Systems Analysis for Understanding Complex Biological Phenomena

Our laboratory employs global approaches to gain insight into a wide variety of biological systems. We are primarily focused on generating and analyzing genetic and protein-protein interaction maps. Using these datasets, we aim to derive mechanistic insights into how specific pathways, complexes and proteins function in various processes. This “systems to mechanism” approach is being applied to a variety of organisms, including bacteria, yeast and mammalian cells, as well as pathogenic agents.

To characterize physical interactions, we use systematic affinity tag-purification/mass spectrometry (AP-MS) to identify the protein complexes in a given organism or process. Then, use of genetic interaction data allows us to place the protein complexes into functional pathways.

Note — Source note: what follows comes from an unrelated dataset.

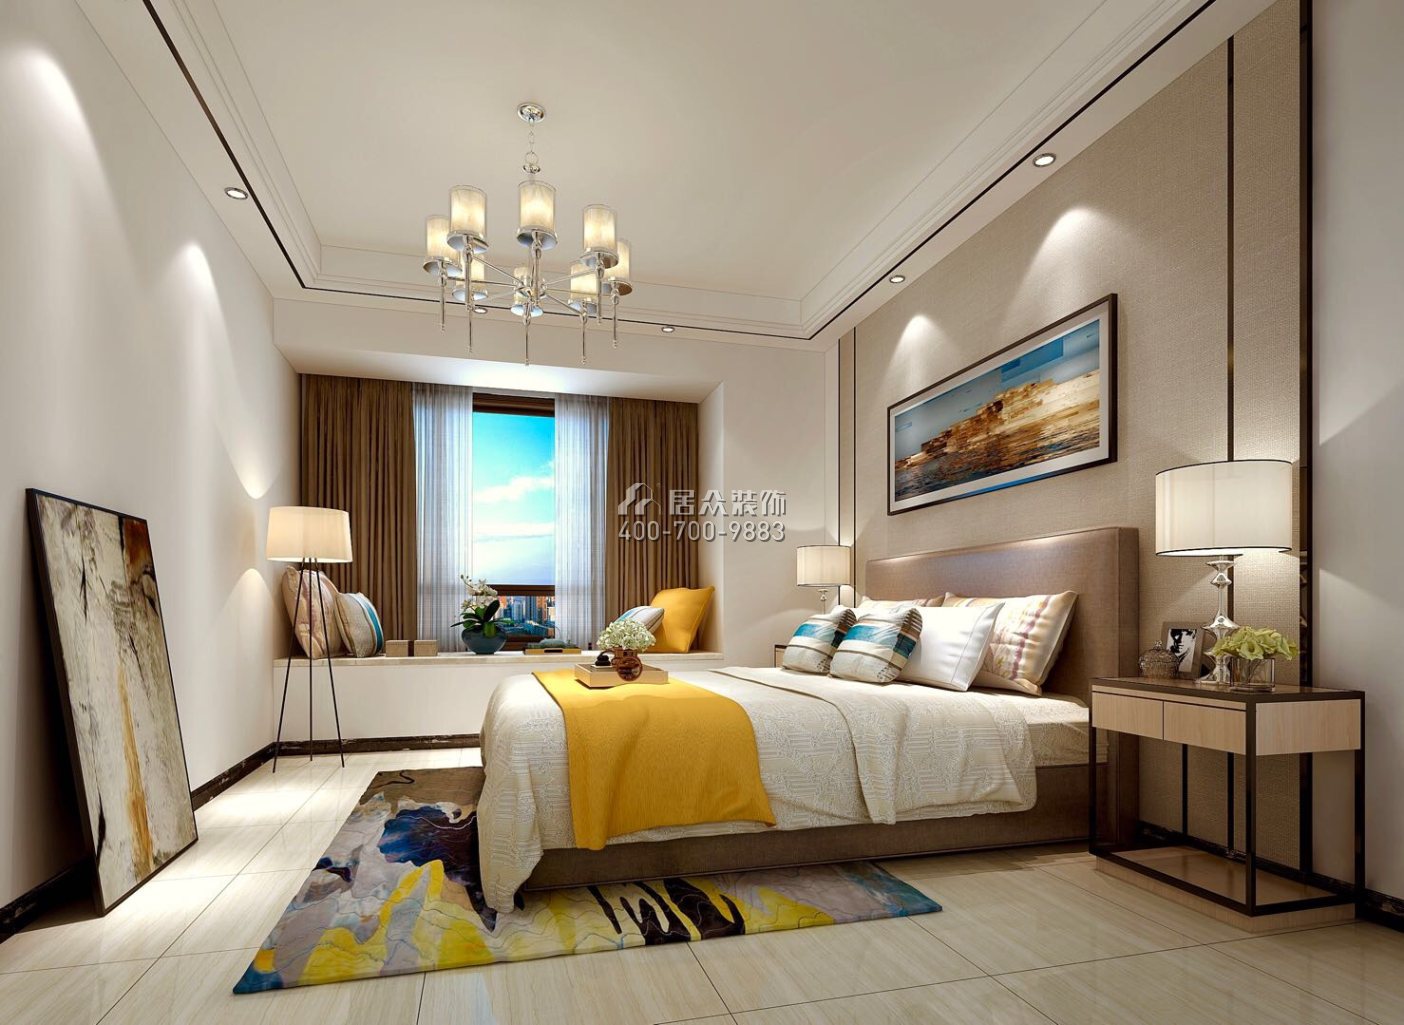 中洲天御花园二期135平方米现代简约风格平层户型卧室装修效果图
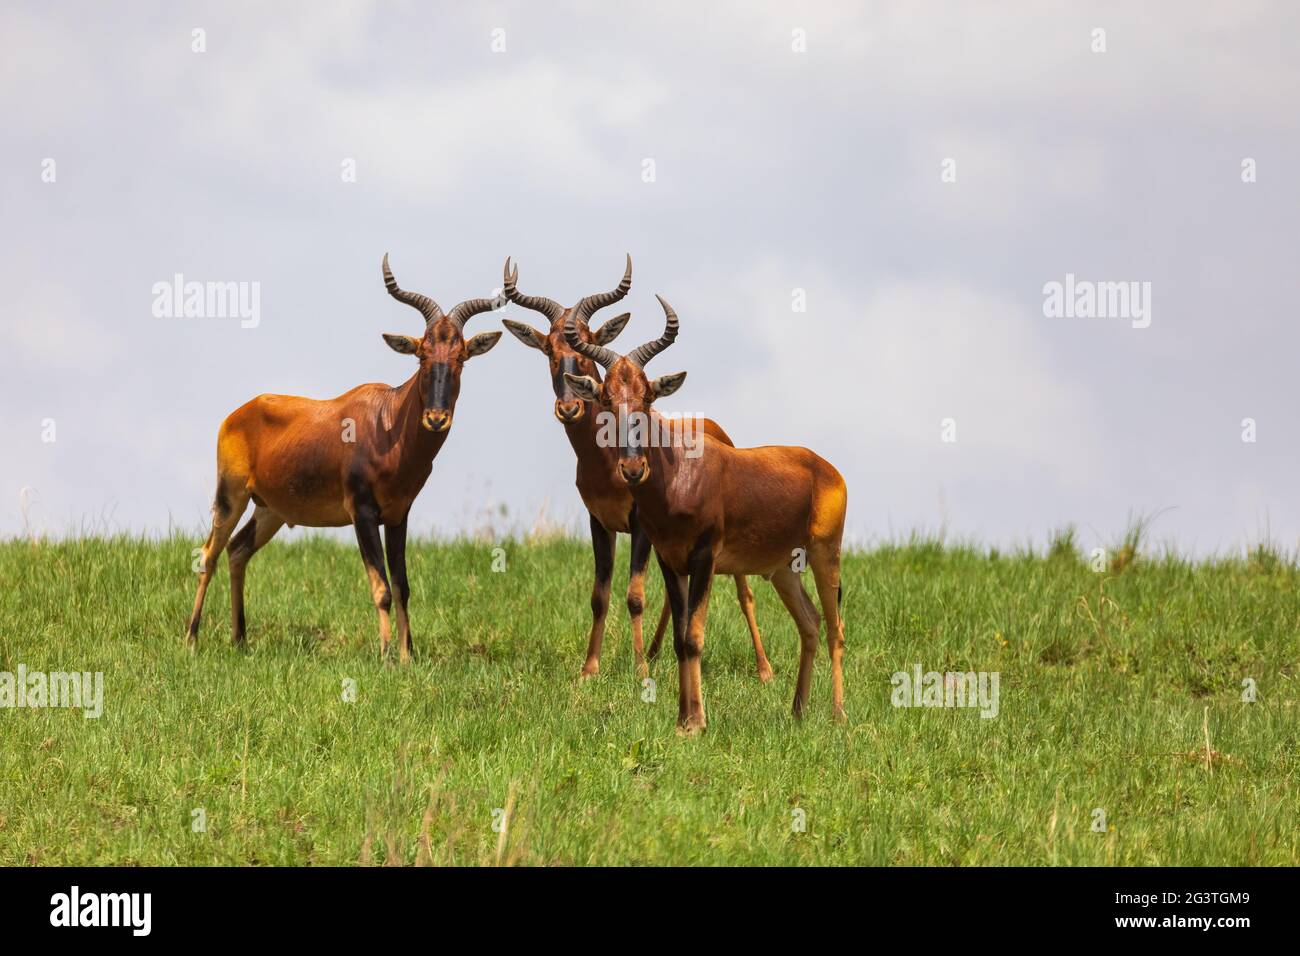 Swayne's Hartebeest antelope, Ethiopia wildlife Stock Photo

We developed a quantitative genetic approach to determine their dependency of functionally related sets of genes, termed E-MAP, and applied this strategy to Saccharomyces cerevisiae, Schizosaccharomyces pombe and mammalian cells. This combined physical and genetic interrogation has been used to study a wide variety of biological processes, including DNA repair, chromatin function, protein trafficking, RNA processing and signaling, gaining insights into pathway organization all the way to the function of individual residues on specific proteins. We also study how these networks change over time, which can be fast (e.g., response to a stimulus) or slow (e.g., speciation). For example, we have been generating genetic interaction maps under different conditions (termed differential E-MAP, or dE-MAP), such as in the presence of DNA-damaging agents or specific stresses, which has allowed us to identify individual pathways that only function under given stresses. Furthermore, our group also studies the conservation of these networks across different species, which provides insight into evolution and the molecular mechanisms involved in speciation. We are now using the E-MAP and AP-MS approaches to determine the critical networks that function during cardiac differentiation and are disrupted in human cardiac disease.

In nature, organisms often interact with other organisms and we have also been using systems approaches to understand these inter-species relationships. For example, using AP-MS and E-MAP, we have been studying the physical and genetic interface between pathogenic organisms, including tuberculosis, dengue, human papillomavirus and HIV and their hosts. This work is leading to a more comprehensive understanding of how pathways are hijacked and re-wired during the course of infection. Finally, we are functionally interrogating different sets of genes that have been linked to various disease states, including heart disease and cancer. Generating a more holistic view of these networks, and how they are perturbed in the presence of specific mutations, will provide insight into the molecular mechanisms that are responsible for these different diseases.